Мистерия в Турине (Плохая война – 6) - Алексей Вячеславович Зубков
Отец Августин неплохо командовал. В первом же сходе он прорвался через строй, но монахи не сообразили поддержать, и первый ряд студентов сомкнулся за спиной аббата. Третий сход выиграл Тодт. Мятый передвинулся напротив слабого звена и прорвался, а студенты его даже поддержали.
— Хорошо, — сказал Устин и обратился к наемникам, — Теперь вы. Ваша задача — прорвать строй. В одном месте, в двух, или хоть всех уронить. В голову пока не бьем.
Студентов наемники не прорвали, а монахов прорвали. Атака в двух местах требовала двух лидеров защиты. Мятый и Тодт справились. Отец Августин устоял перед навалившимися двумя, но трое прорвали строй в другом месте.
— Отлично! Все молодцы, следующее строевое занятие завтра, — сказал Устин.
— Мессир, а Вы сами-то кто? — спросил большой «францисканец», — Сильно издалека?
— Московия. Русь.
— И что, Вы прямо мастер на кулаках биться?
— Мастер.
— Давайте один на один, если не трусите.
— А давай. Только подшлемники наденем и рукавицы.
— Боитесь?
— Ты мне нужен в строю со здоровыми кулаками и со здоровым лицом. Запасных бойцов, сам, видишь, нет.
Монах хмыкнул. Простолюдин нипочем не стал бы так смело разговаривать с дворянином, но второе сословие стоит выше третьего.
— Давай-давай, брат Николя, иноземец верно говорит, — сказал со скамейки приор, отец Жерар.
— Что правильно?

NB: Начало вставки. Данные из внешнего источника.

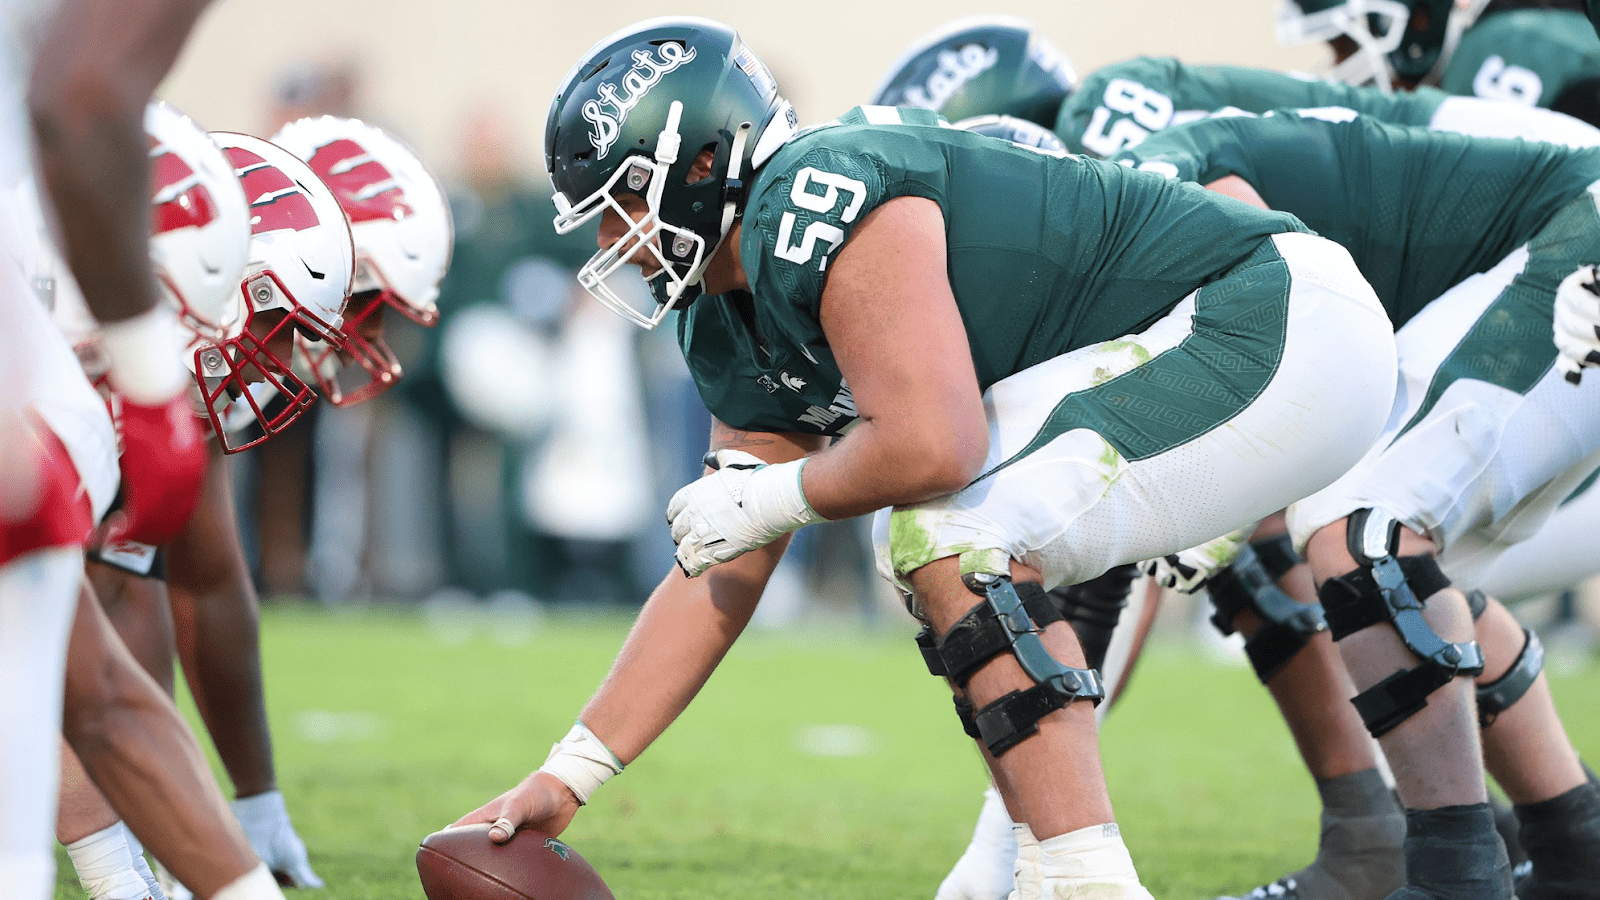 Nick Samac is a solid athlete and effective center in Michigan State's offense. Hula Bowl scout Ian McNice breaks down Samac as an NFL Prospect in his report.

Что он меня побьет? Ты ему веришь?
— Побить как Бог даст, а ушибить может. Или ты его поломаешь, тоже плохо. Отец Августин спасибо не скажет.
Монах пожал плечами и натянул защиту.
Противник русскому достался сложный. На полголовы выше, заметно шире в плечах и существенно тяжелее. Устин сильно исхудал, пока греб на галере. Брат Николя же сидел на монастырской диете с неограниченным количеством хлеба, яиц и вина. Но, без сомнения, поддерживал форму хозяйственными работами, а то бы вовсе заплыл жиром, как это часто бывает с монахами.
Николя пошел на Устина, выставив кулаки перед собой. Махнул раз, другой. Не попал. Устин не убегал и не отскакивал, он уклонялся корпусом, скручивался, сгибался в пояснице, делал совсем небольшие шаги.
Единственный удар, которым монах достал русского — удар в живот. И тот прошел вскользь.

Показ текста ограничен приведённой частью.